Это чувство, знаете ли, не похоже на страх. Страх – он животный, он заставляет вас бежать, прятаться, бить в набат. А это – тоска. Такая тоска, что стены начинают расступаться, потолок исчезает, и вместо неба вы видите какую-то чудовищную, равнодушную математику. Закон всемирного тяготения, например. Или энтропию. Я в этих науках, признаться, не силён, но суть понимаю: всё стремится к рассеянию, к нулю, к молчанию. И вот это молчание – оно обрушивается на вас не тогда, когда вы один в тёмной комнате, а тогда, когда вы стоите в очереди за колбасой, и слышите, как кто-то позади вас говорит: «А мне, пожалуйста, докторской, граммов триста».

И вы смотрите на этого человека, на его пальцы, перепачканные мелом или, может быть, чернилами, на его шею, и думаете: «Зачем? Зачем докторской, если завтра, может быть, – а может быть, и сегодня, сию минуту, – всё это, включая докторскую, включая прилавок, включая самую способность желать, перестанет существовать не потому даже, что кто-то злой пришёл и разрушил, а потому что само желание есть лишь временное, болезненное искривление этой самой великой пустоты?».

И знаете, что самое мучительное в этом сознании? Не сам конец. Конец – он даже облегчает, потому что когда уже нечего терять, то наступает этакое оцепенение, почти блаженство. Самое мучительное – это фальшь. Фальшь всего, что продолжает делать вид, будто оно есть. Вы идёте по улице, а навстречу вам девушка, весёлая, щеки румянцем горят, платок ветром раздувает. Она спешит на свидание. И она – есть. Она существует, она верит в это своё существование, как в каменную стену. А вы знаете, что она – не стена, а так, облачко, которое развеется от первого дуновения настоящего ветра. И вам хочется крикнуть ей: «Куда же ты? Остановись! Ведь ничего же нет!».

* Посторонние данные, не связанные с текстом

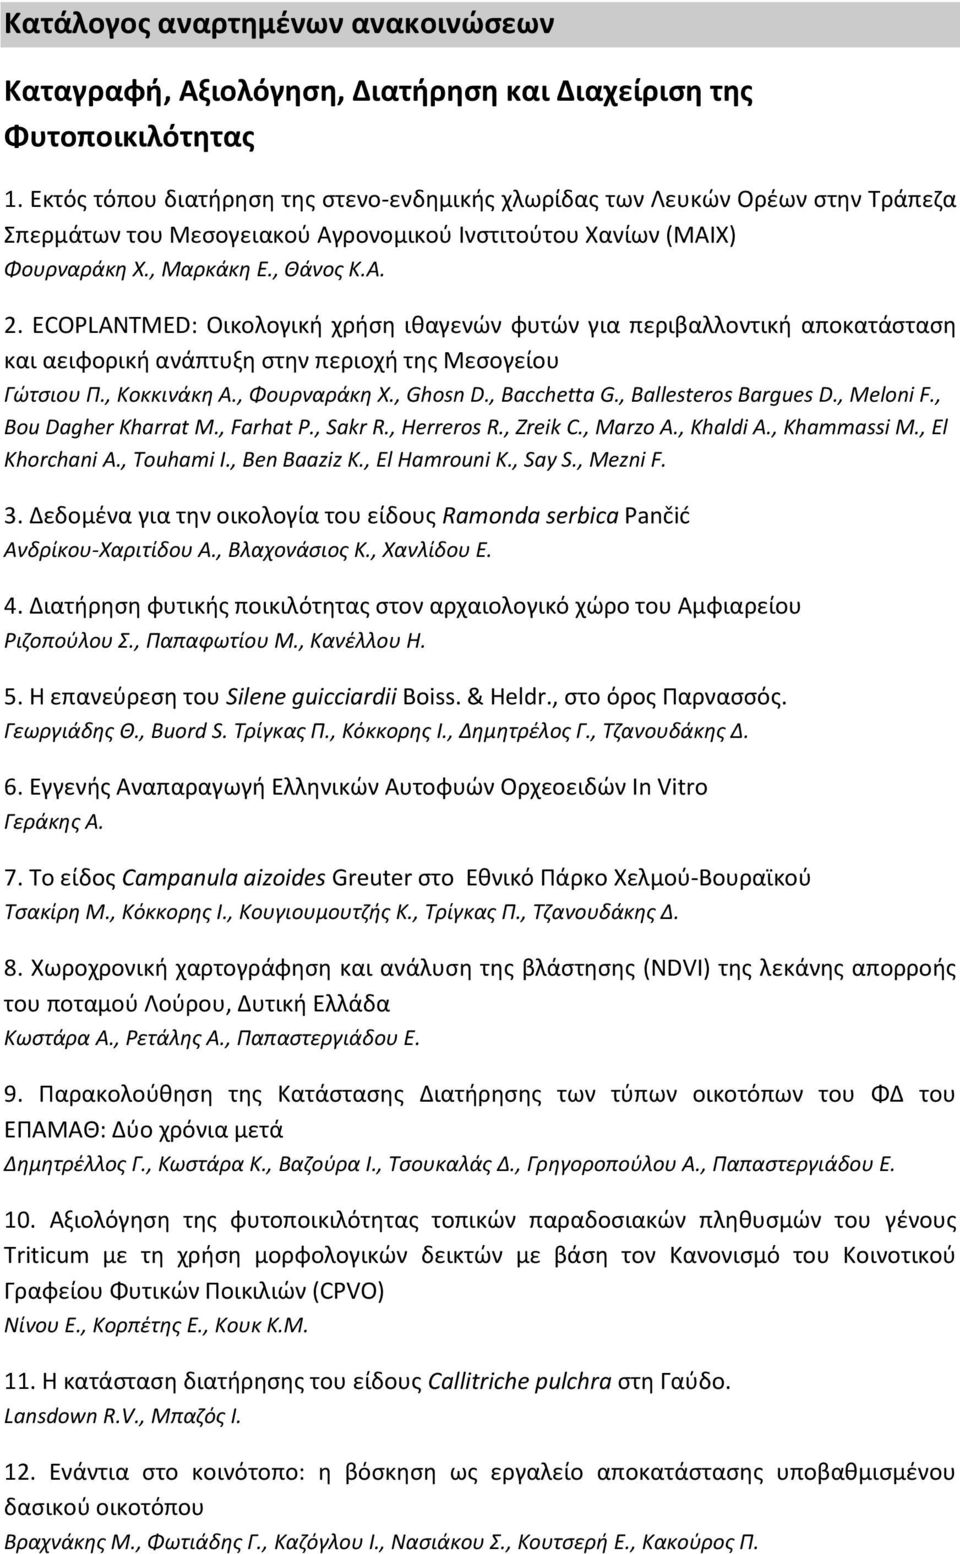 ECOPLANTMED: Οικολογική χρήση ιθαγενών φυτών για περιβαλλοντική αποκατάσταση και αειφορική ανάπτυξη στην περιοχή της Μεσογείου Γώτσιου Π., Κοκκινάκη Α., Φουρναράκη Χ., Ghosn D., Bacchetta G.

Но она не остановится. И это-то и есть апокалипсис – не гром среди ясного неба, а то, что никто не останавливается. Что даже перед лицом очевидной, математически доказанной гибели человечество будет чистить сапоги, покупать докторскую колбасу, влюбляться и ревновать. Будет писать умные книги о том, как нужно переустроить общество, чтобы жить лучше. Жить лучше! Когда жить-то, в сущности, нечем и негде, потому что места-то этого, которое мы называем «мир», по сути, и нет, а есть лишь временная рябь на поверхности той самой… ну, назовём её бездной.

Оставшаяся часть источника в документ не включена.